Jenny took a deep, shaky breath. She’d heard about hidden cupboards like this, in old houses. Priests’ holes, they called them. They had something to do with Papists and such, although she’d never quite understood what it was all about. She wondered what would happen to her if the old goat never came back to release her. And then she wished she hadn’t wondered that, because it made the walls seem to press in on her, and the blackness became so thick and heavy it felt as if it were stealing her breath and sucking the life out of her. She leaned her forehead against the wooden panel and tried to breathe in sucking little pants. She told herself that if Papists used to hide their priests in these cubbyholes, then they must have contrived a way for the panel to be opened from inside. She began feeling around for the catch, then froze when she realized the voices from the front hall were coming closer.
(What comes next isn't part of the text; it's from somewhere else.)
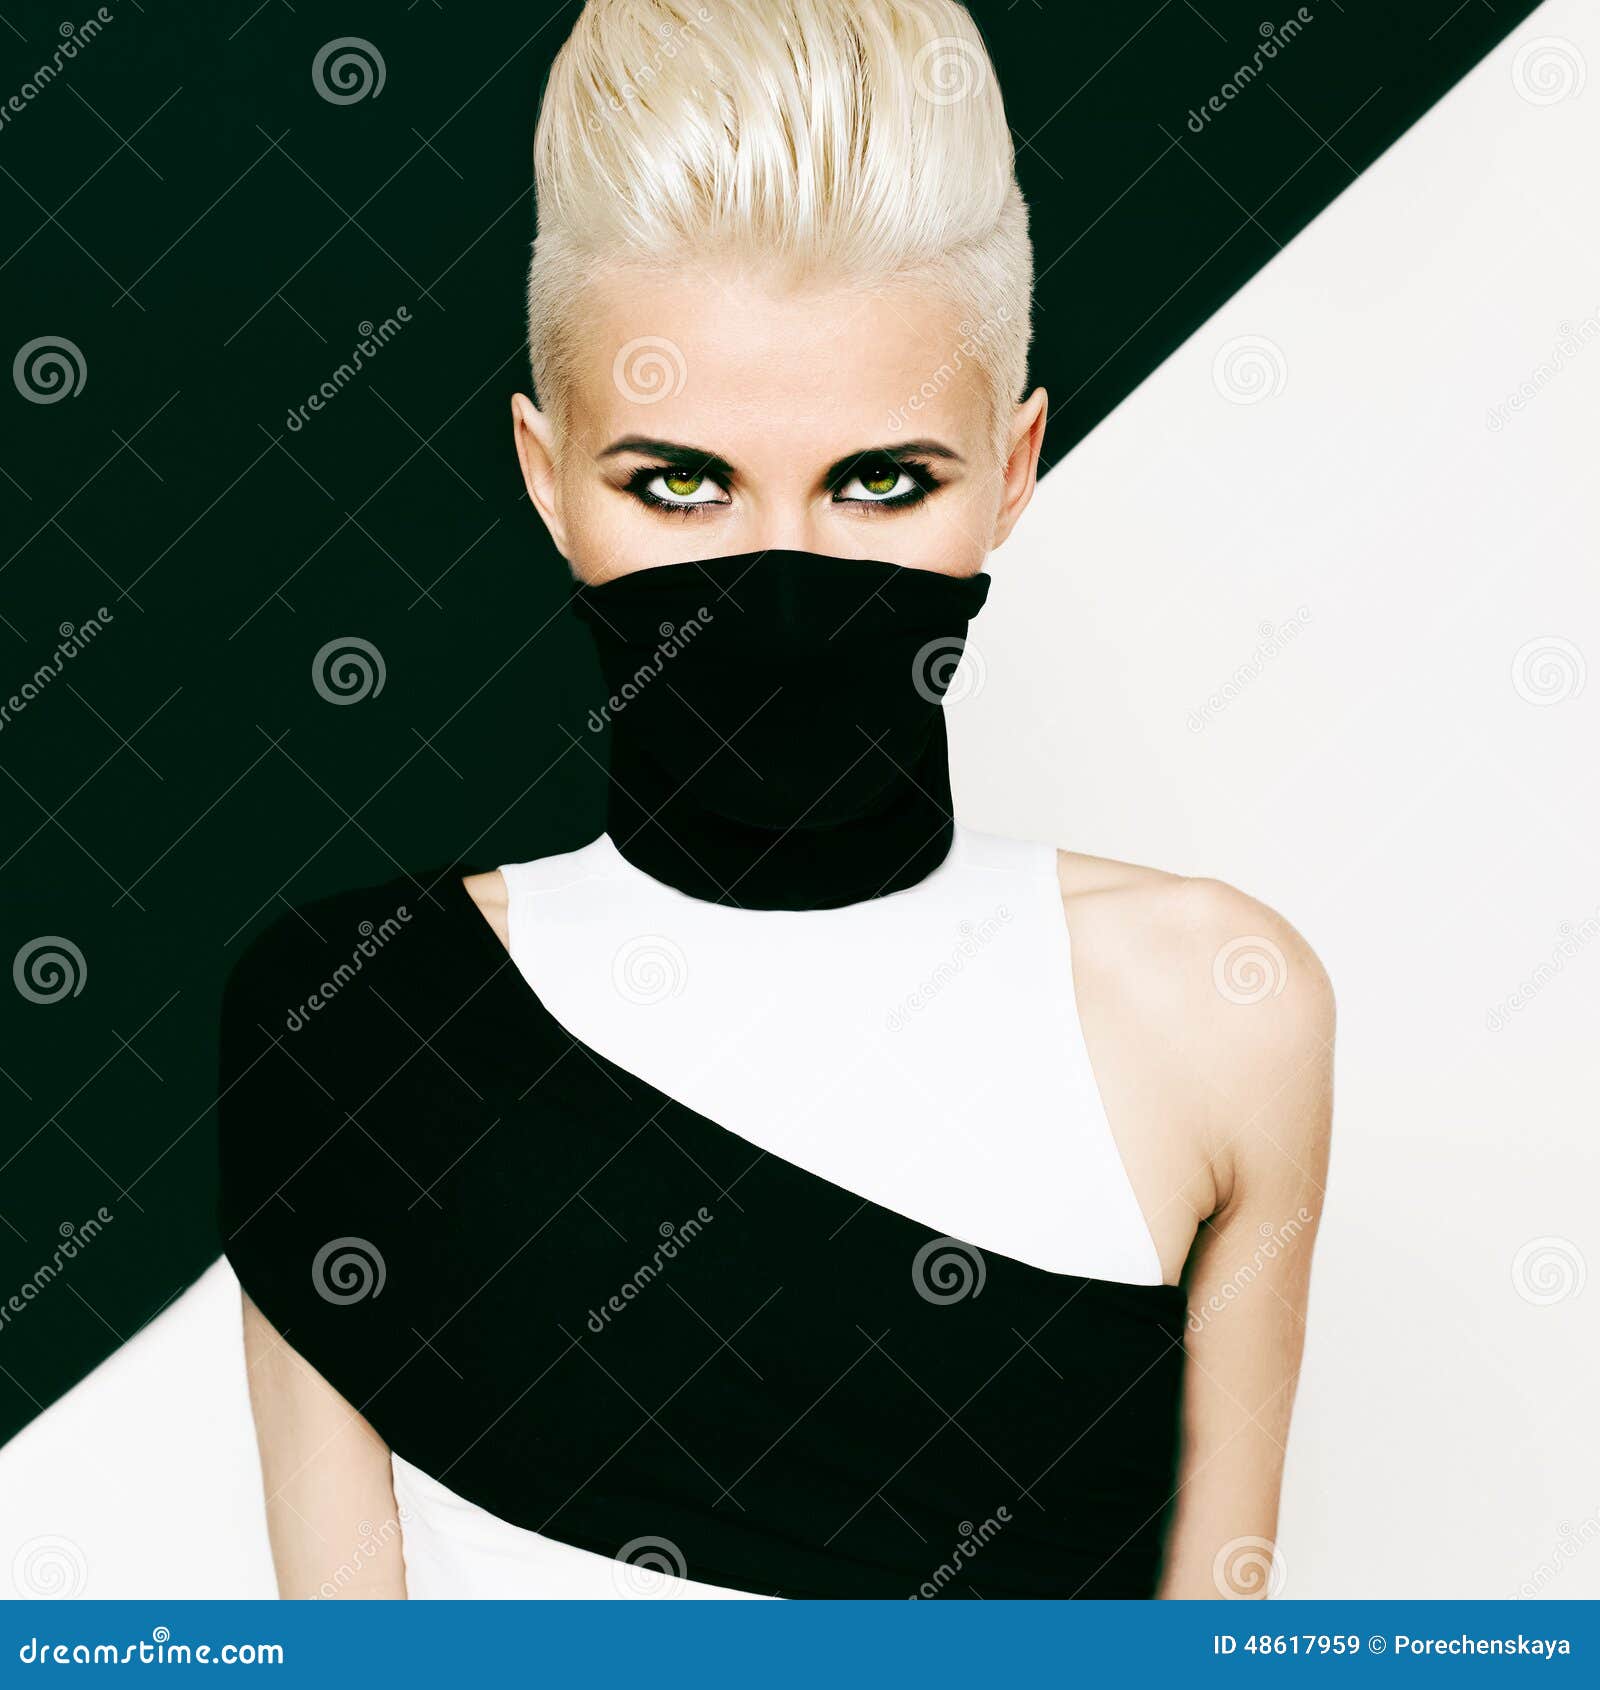 Black and White Background Girl Ninja Style. Fashionable Hairstyle

Pressing her eye to the peephole again, she watched as the nasty old codger backed into the room. He had his hands raised funny, sort of up and out to the side, like a body trying to ward off a ghost or something. Then she saw the pistol in the hands of the old man’s visitor, and she understood.

The old cove was talking fast now. Jenny held herself very still, although her heart thumped in her chest and her breath came so hard and fast it was a wonder they couldn’t hear it.

Then she heard a new pounding on the front door and someone shouting. The visitor holding the gun jerked around, distracted, and the old goat lunged.

The gun went off, belching flame and pungent smoke. The old man staggered back. Crumpled.

Jenny felt a hot stinging gush run down her legs and realized she’d just wet herself.